Mark_Roddy · January 16, 2024, 4:44pm

Shutdown does not guarantee that your driver is unloaded, as you discovered. In particular, if you don’t support unload, shutdown is just going to ignore your driver.

The obvious answer is to support unload. If there is some compelling reason to not do that in your production version, then only support it in a test or debug version.

wc2023 · January 17, 2024, 10:15pm

@Mark_Roddy unfortunately it’s not possible to support unloading. This is a boot critical driver that other drivers depend on, so there’s no way to unload it without crashing the OS.

I wonder if there’s another way to run verifier on it to test for memory leaks?

sovak · February 1, 2024, 9:50pm

You could write your own “Allocator”. What I usually do is that I have my own functions for allocations that save all the allocations in a hash table with the location of the call. My code looks something like this:

#ifdef DEBUG_ALLOC
  #define InternalAllocateBytesWithTag(pool, bytes, tag, ...) ::detail::DebugAllocate(pool, bytes, (ULONG)tag, __VA_ARGS__)
  #define InternalAllocateBytes(pool, bytes, ...) InternalAllocateBytesWithTag(pool, bytes, 'Tagg', __VA_ARGS__)
#else
  #define InternalAllocateBytesWithTag(pool, bytes, tag) ::ExAllocatePoolWithTag(pool, bytes, (ULONG)tag)
  #define InternalAllocateBytes(pool, bytes, ...) InternalAllocateBytesWithTag(pool, bytes, 'Tagg')
#endif

  #define Allocate(type, pool) reinterpret_cast<type*>(InternalAllocateBytes(pool, sizeof(type), __FILE__, __LINE__))
  #define AllocateBytes(type, count, pool) reinterpret_cast<type*>(InternalAllocateBytes(pool, count, __FILE__, __LINE__))
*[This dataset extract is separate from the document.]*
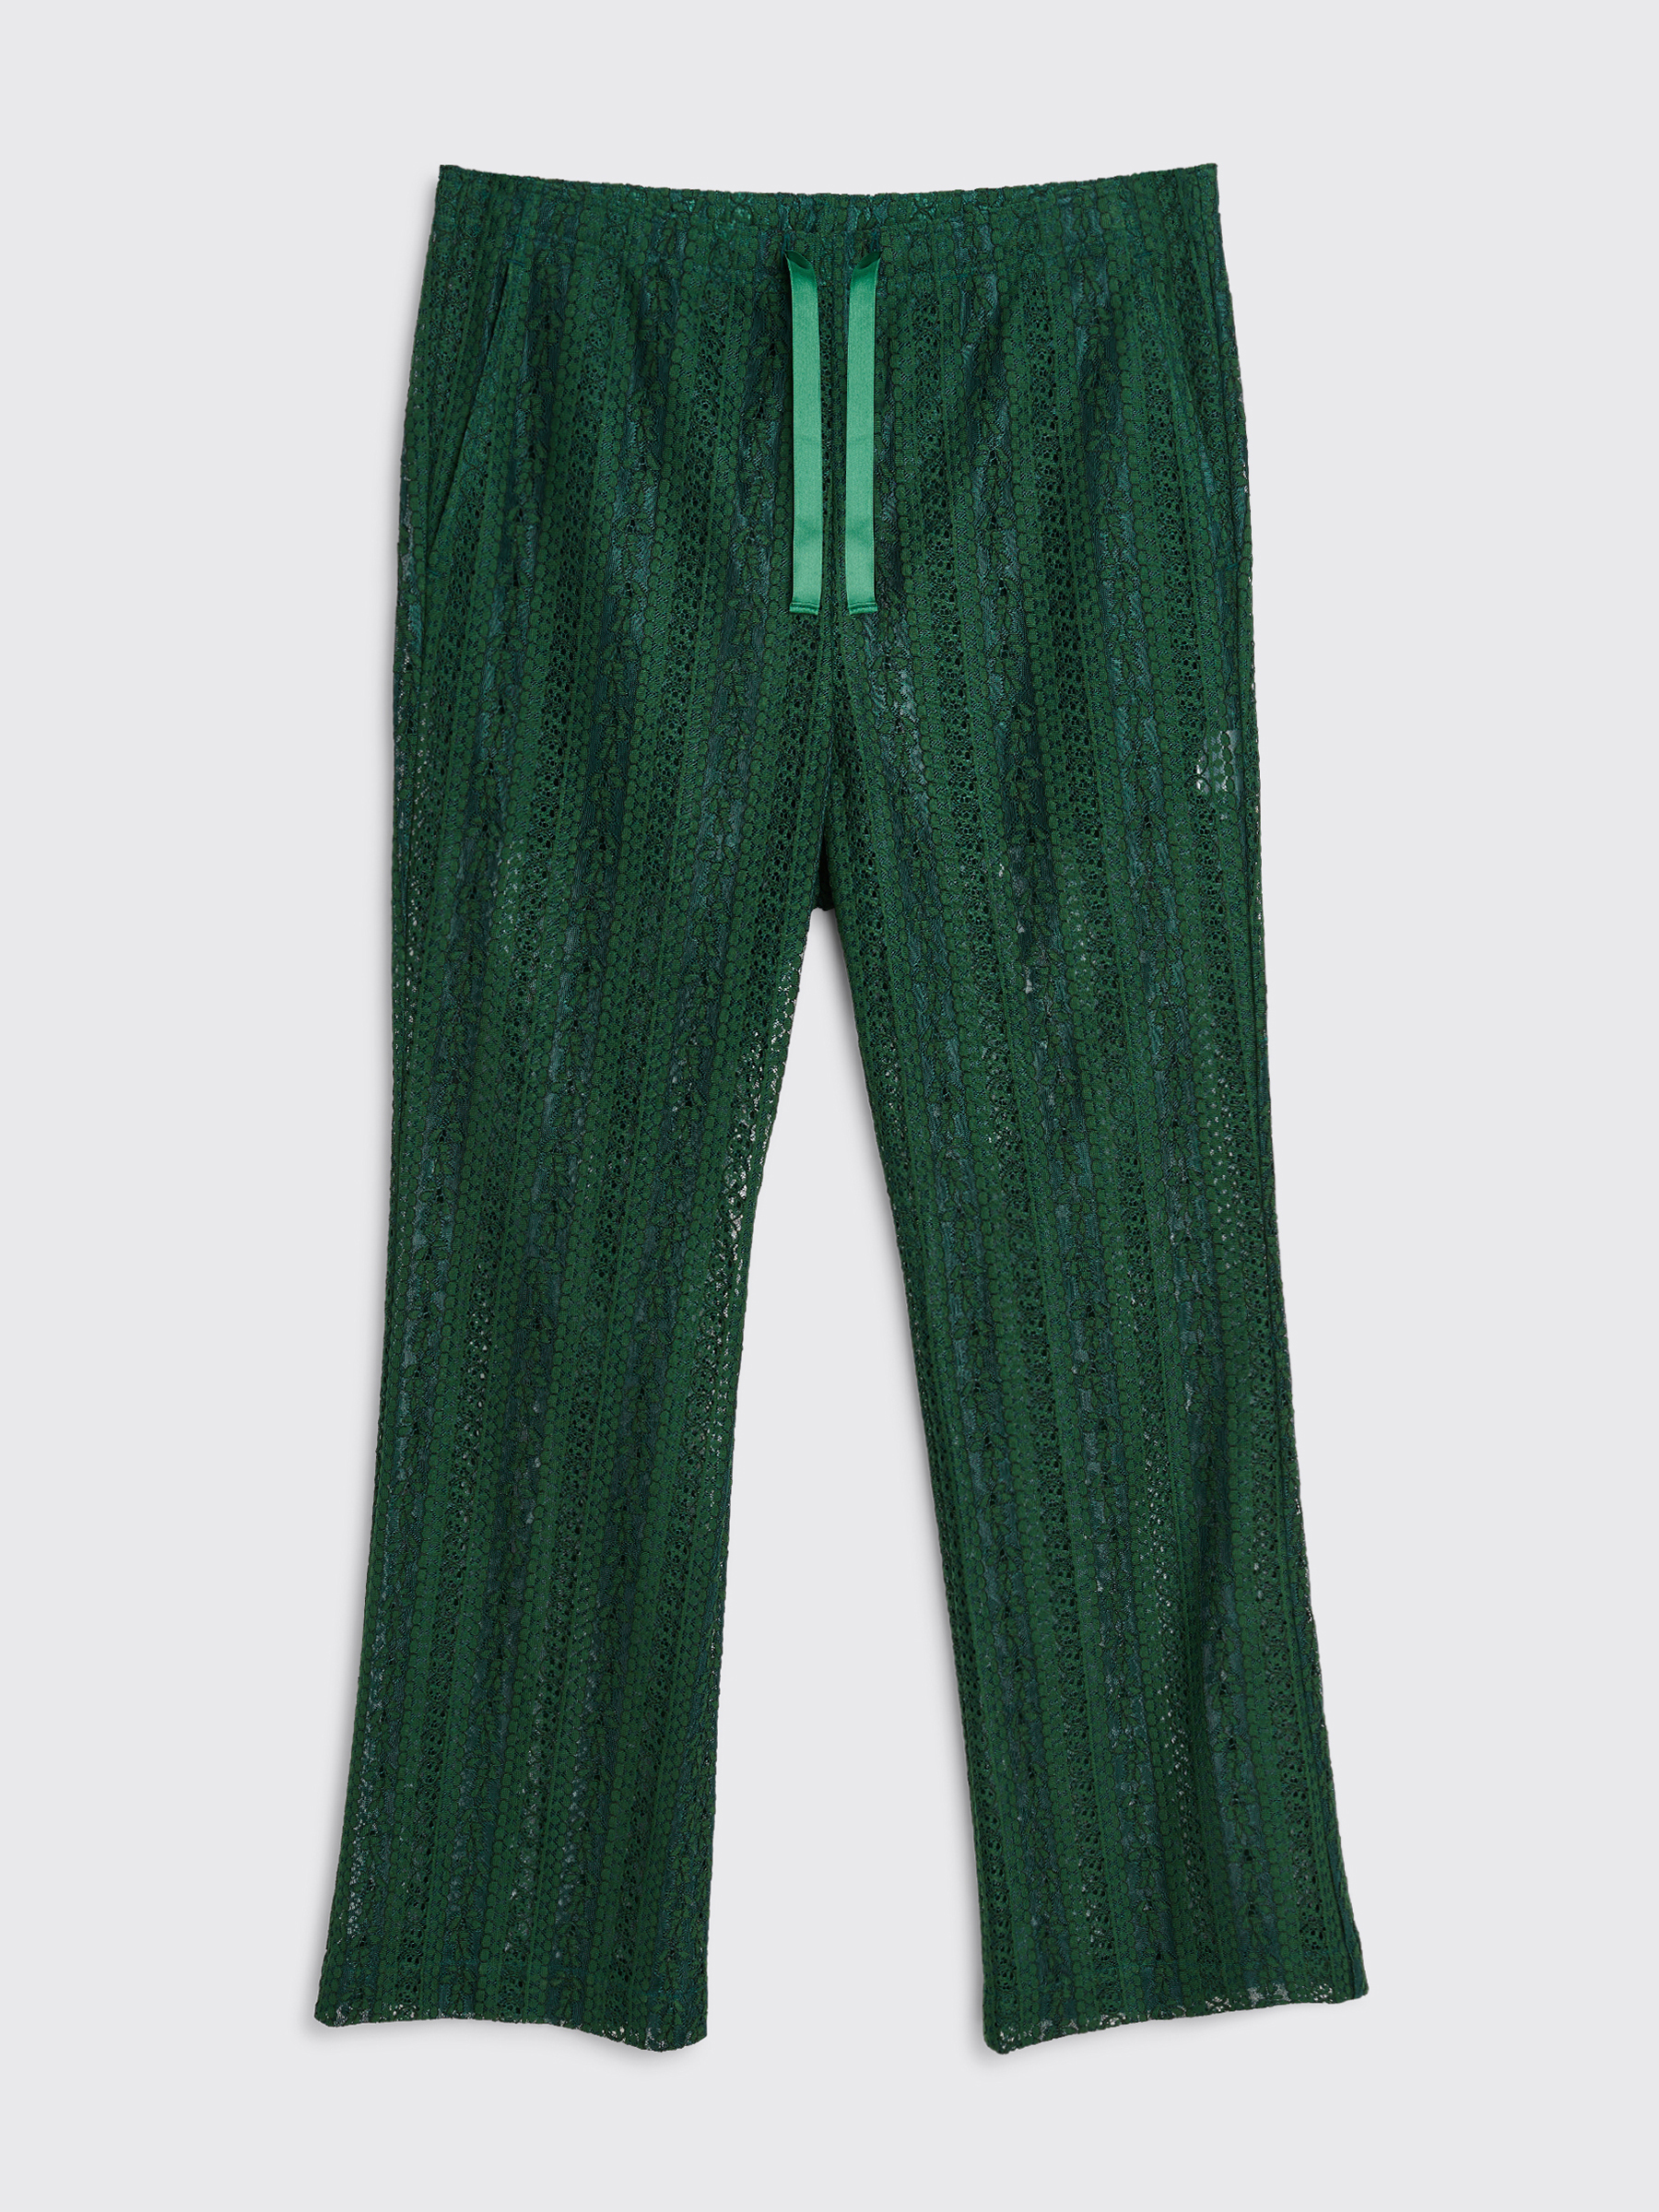 Très Bien - Needles String Boot Cut Pant Stripe Lace Green

InternalAllocateBytes then saves this in a hash table. On Free, you look up the address, if its not there, you can BugCheck because you are double freeiing, if successful, you just remove the entry from the table. At any point you can print all allocations and even check where they were made. I do this in a minifilter driver and I it doesnt seem to have any real performance impact. But if you do huge amounts of allocations/frees, you will start to notice it. You can also do some other cool memory checks, for example under and over allocating a bit and check for corruption when freeing, but you need to return correctly allocated memory.

Anyway what I would do in your case is find a point in time where the amount of allocated memory should be minimal, for example no drivers connected to it, and list all allocations. Or maybe print tags that you suspect are leaking? Or maybe do this only for the WDF object you suspect is leaking. But you need to ensure that what you match all custom allocations to their respective free functions, otherwise you will have false positives or the system hangs.

sovak · February 1, 2024, 10:00pm

You could write your own memory ‘allocator’ that saves all the allocations in a hash table, the remove it on free. At any point you can print all allocations and determine what is leaking.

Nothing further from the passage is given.